NITI seeks public opinion on National Medical Commission Bill

NITI Aayog, government's premier think-tank, has sought public opinion on the draft National Medical Commission Bill, 2016 that would pave the way for replacing the Medical Council of India with a more transparent body to be called as the National Medical Commission.

"The idea is to create a world class medial education system that ensures adequate supply of high quality medical professionals, greater emphasis on research, provides for objective periodic assessment of medical institutions, enforces high ethical standards and is flexible to adopt to the changing needs of transforming nation," the Aayog has said in the draft bill.

The Committee on the Reform of the Indian Medical Council Act, 1956 chaired by Aayog's vice chairman Arvind Panagariya has sought comments/suggestions/feedback on the draft bill latest by August 31, 2016. Following this, the draft bill will be finalised and would be tabled in Parliament earliest in the winter session.

The bill, if it goes through, would end the much-criticised inspector raj, presenting a major reform of the medical education system and the profession. The biggest change under the new system would be that its members would be selected on merit by a high powered search-cum-selection panel and would not be elected, as in the past, by MCI.

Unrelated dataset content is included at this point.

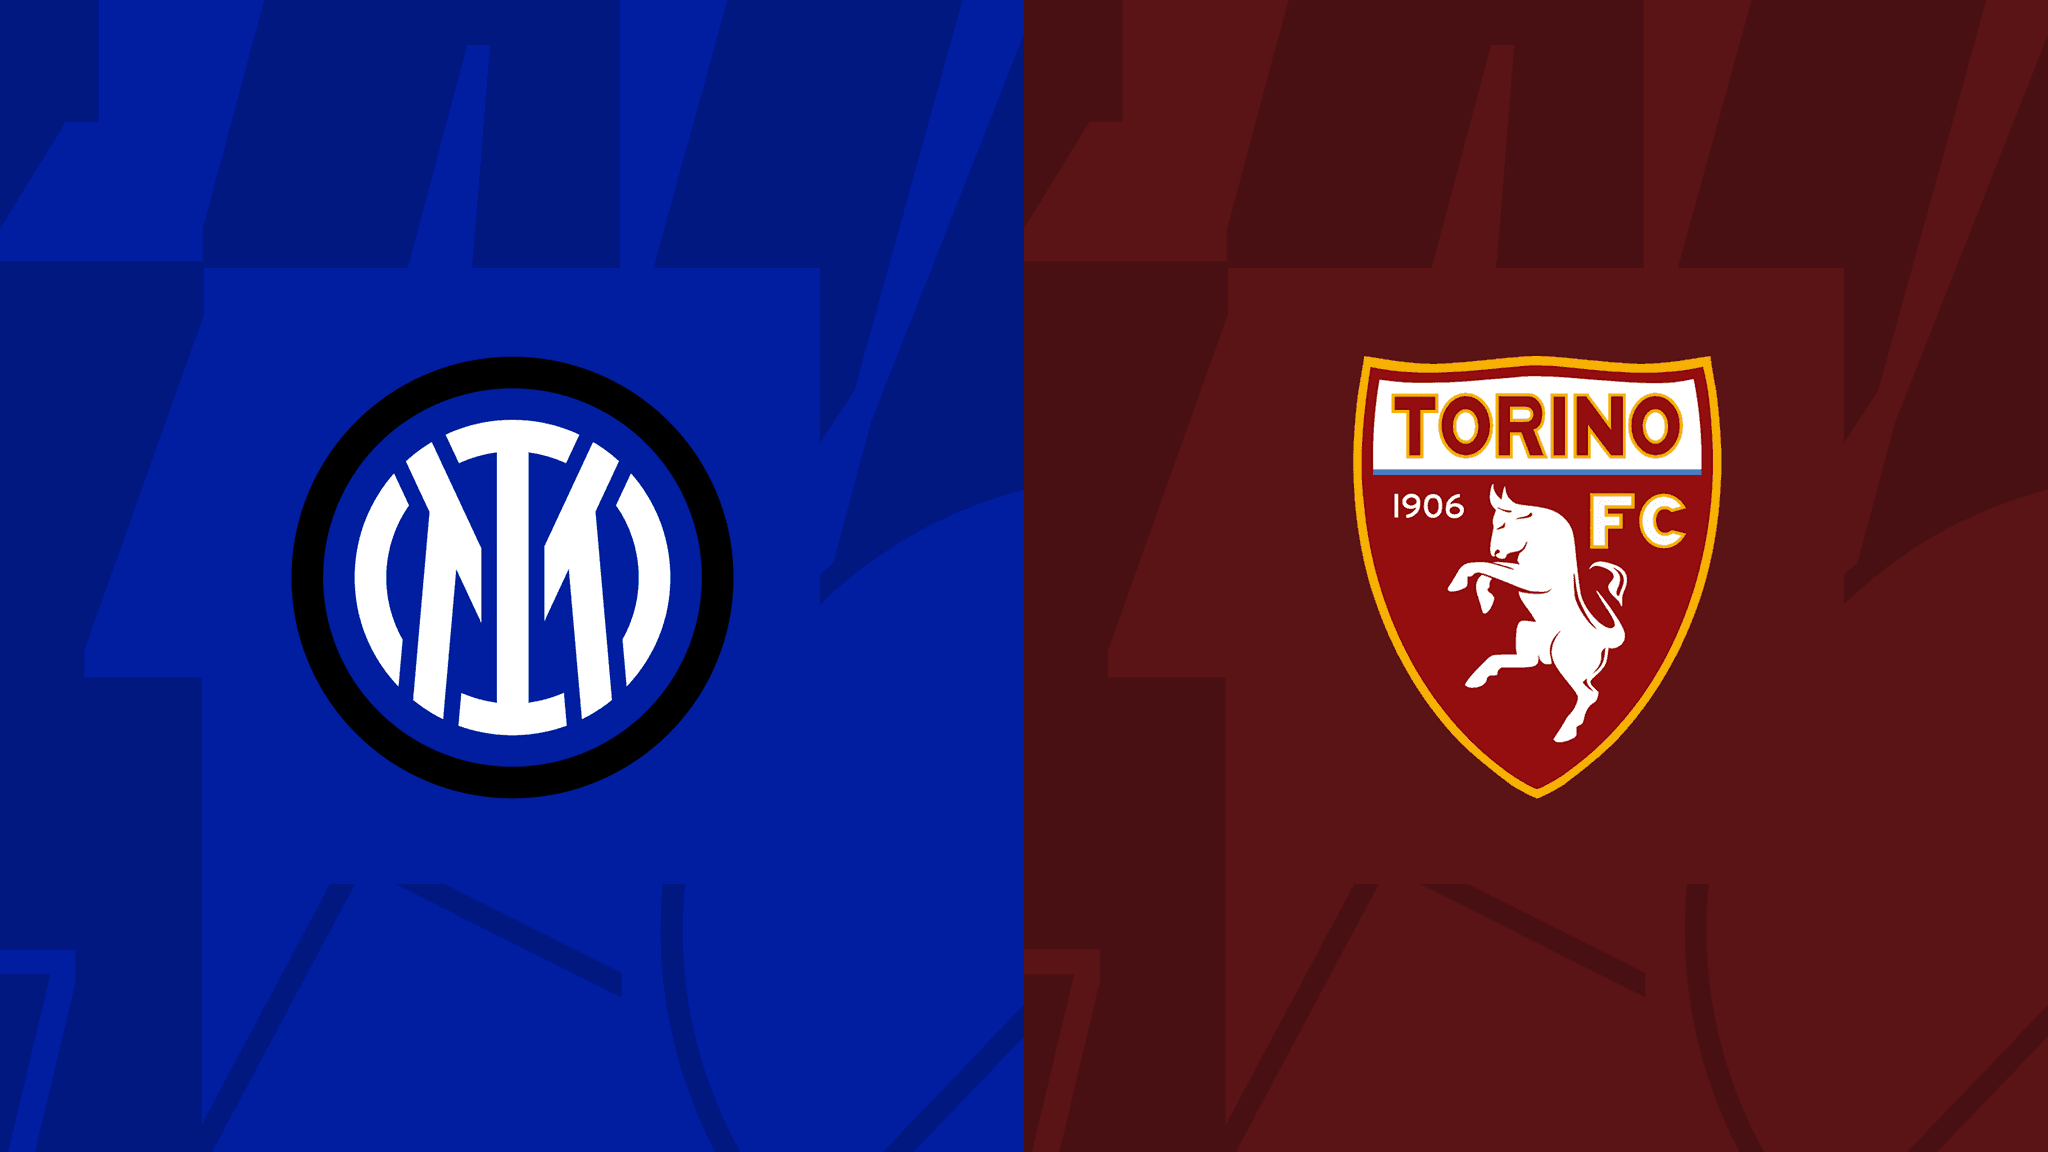 مشاهدة مباراة انتر ميلان و تورينو بث مباشر 10-09-2022 Internazionale vs Torino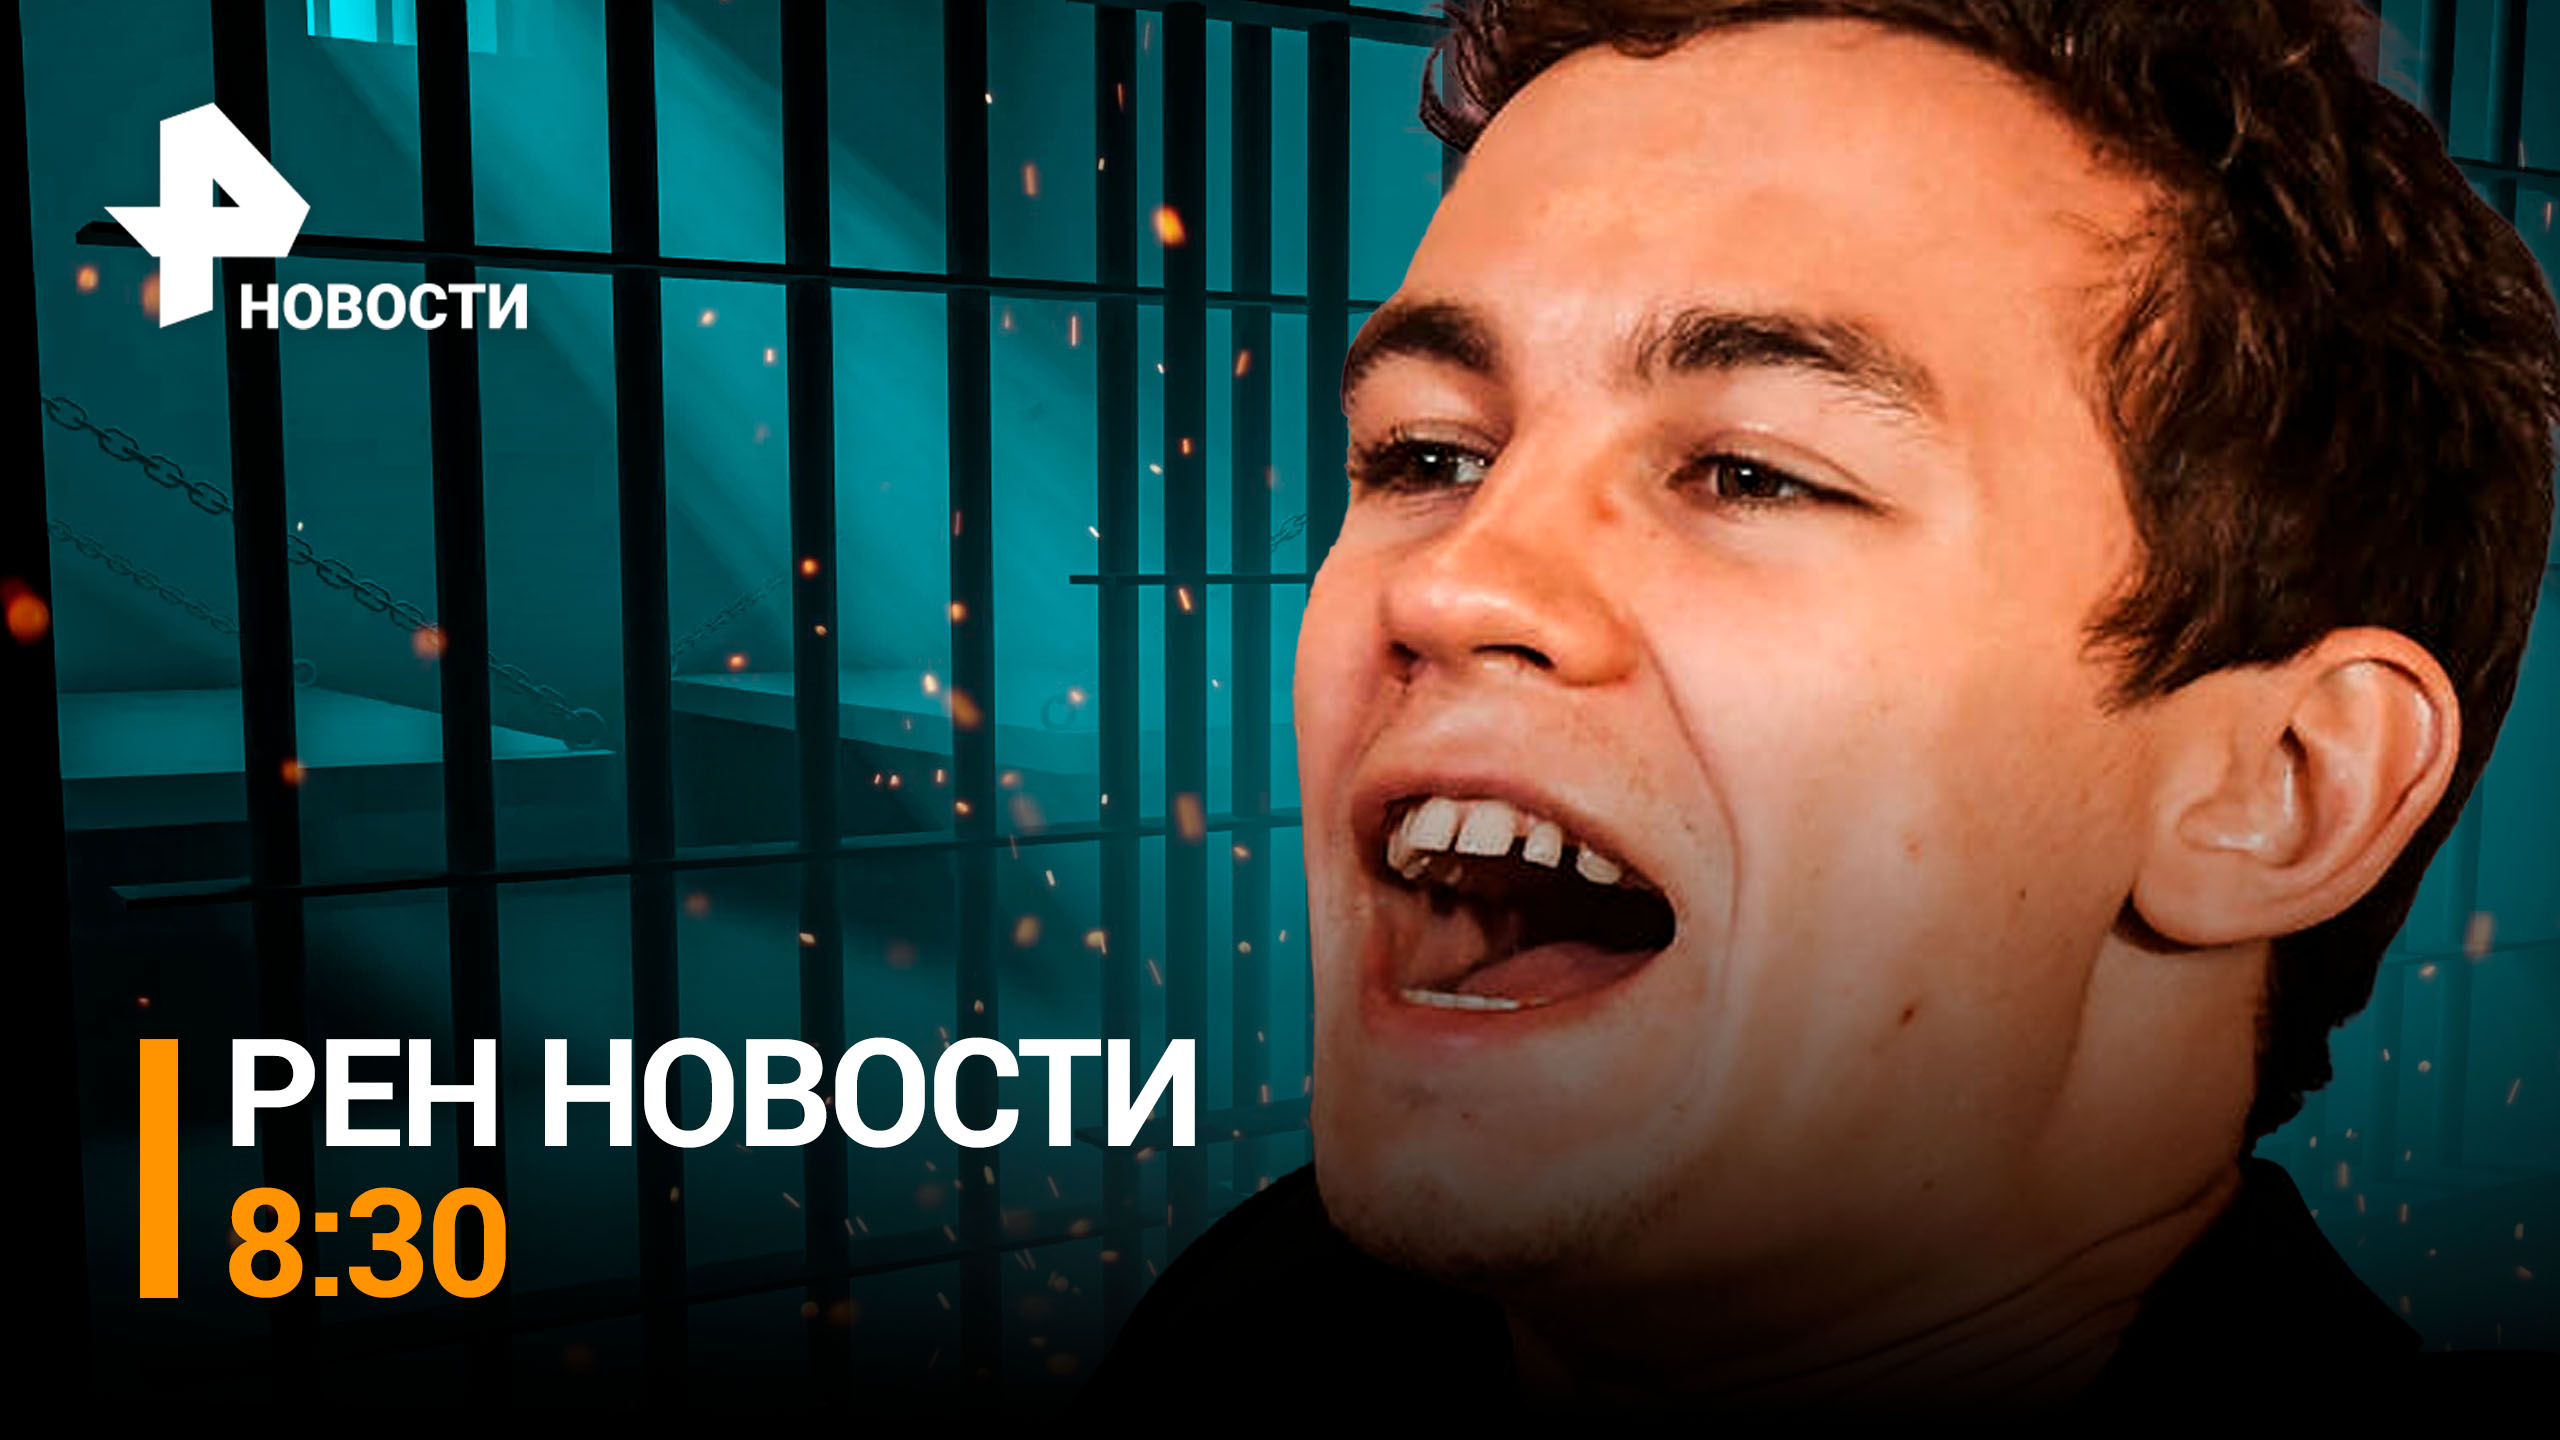 Кологривого арестовали на семь суток за дебош в Новосибирске / РЕН НОВОСТИ 8:30, 21.03.24

The commission would be advised by another parallel body — the Medical Advisory Council — which would have representatives of all states and two union territories. The commission would have four boards with enough autonomy to decide on the curriculum while the macro policies would be framed by the commission.

These would include under-graduate medical education board, PG medical education board, accreditation and rating board. According to the draft bill, the commission would assess the changing requirements of the health care scenario, human resources for health, health care infrastructure and develop a road map for meeting these requirements.

"It will frame requisite policies for the governance of medical education in the country besides prescribing norms for determination of fees for a proportion of seats, not exceeding 40%, in the private medical educational institutions," it said.